How to extract all N positions from a genome assembly file?

Brainstorming

I will use a toy fasta for illustration. Here is it:


$ cat toy.fasta


>chr01
AAANNNNNGCT
>chr02
AAAANNNNNGCT


My toy has just two chromosmes. The first one has N from 4 to 8 and the second one from 5 to 9 ( 1-based coordinate)

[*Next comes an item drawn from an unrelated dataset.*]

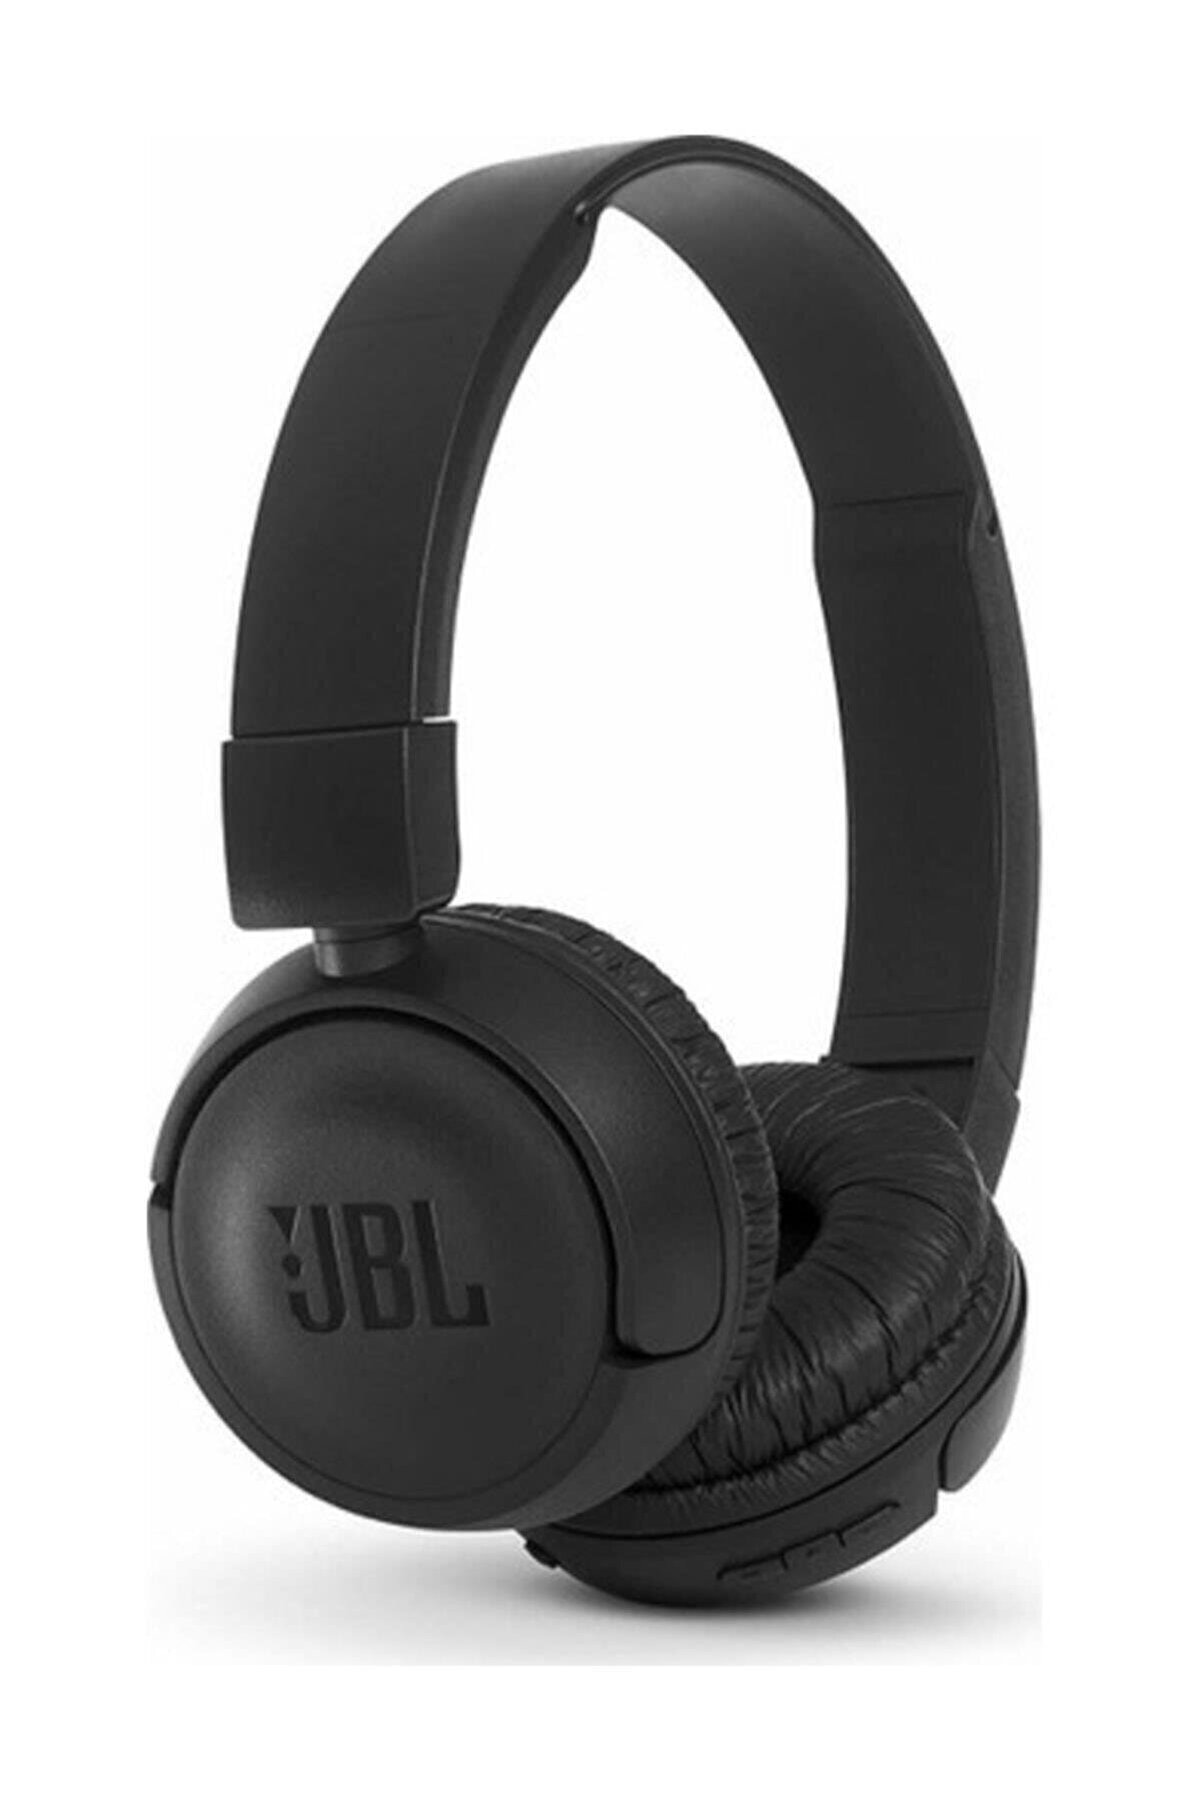 JBL T460BT Kulaküstü Kablosuz Kulaklık - Siyah

My initial task for my whole genome project is to know the position of those gaps in each sequence. It is important for me to know the gaps’ positions precisely in my Hi-C based assembly that I have received from Dovetails genomics company.

Knowing those gaps will help me to design appropriate markers, test them using PCR method and fill the gaps accordingly. So how can I get the exact position of my gaps?

Solution

After googling, I found on biostar this solution. Prakki Rama suggests this approach as a one line perl-based code.

That is awesome! I love one line solution! Let’s test it!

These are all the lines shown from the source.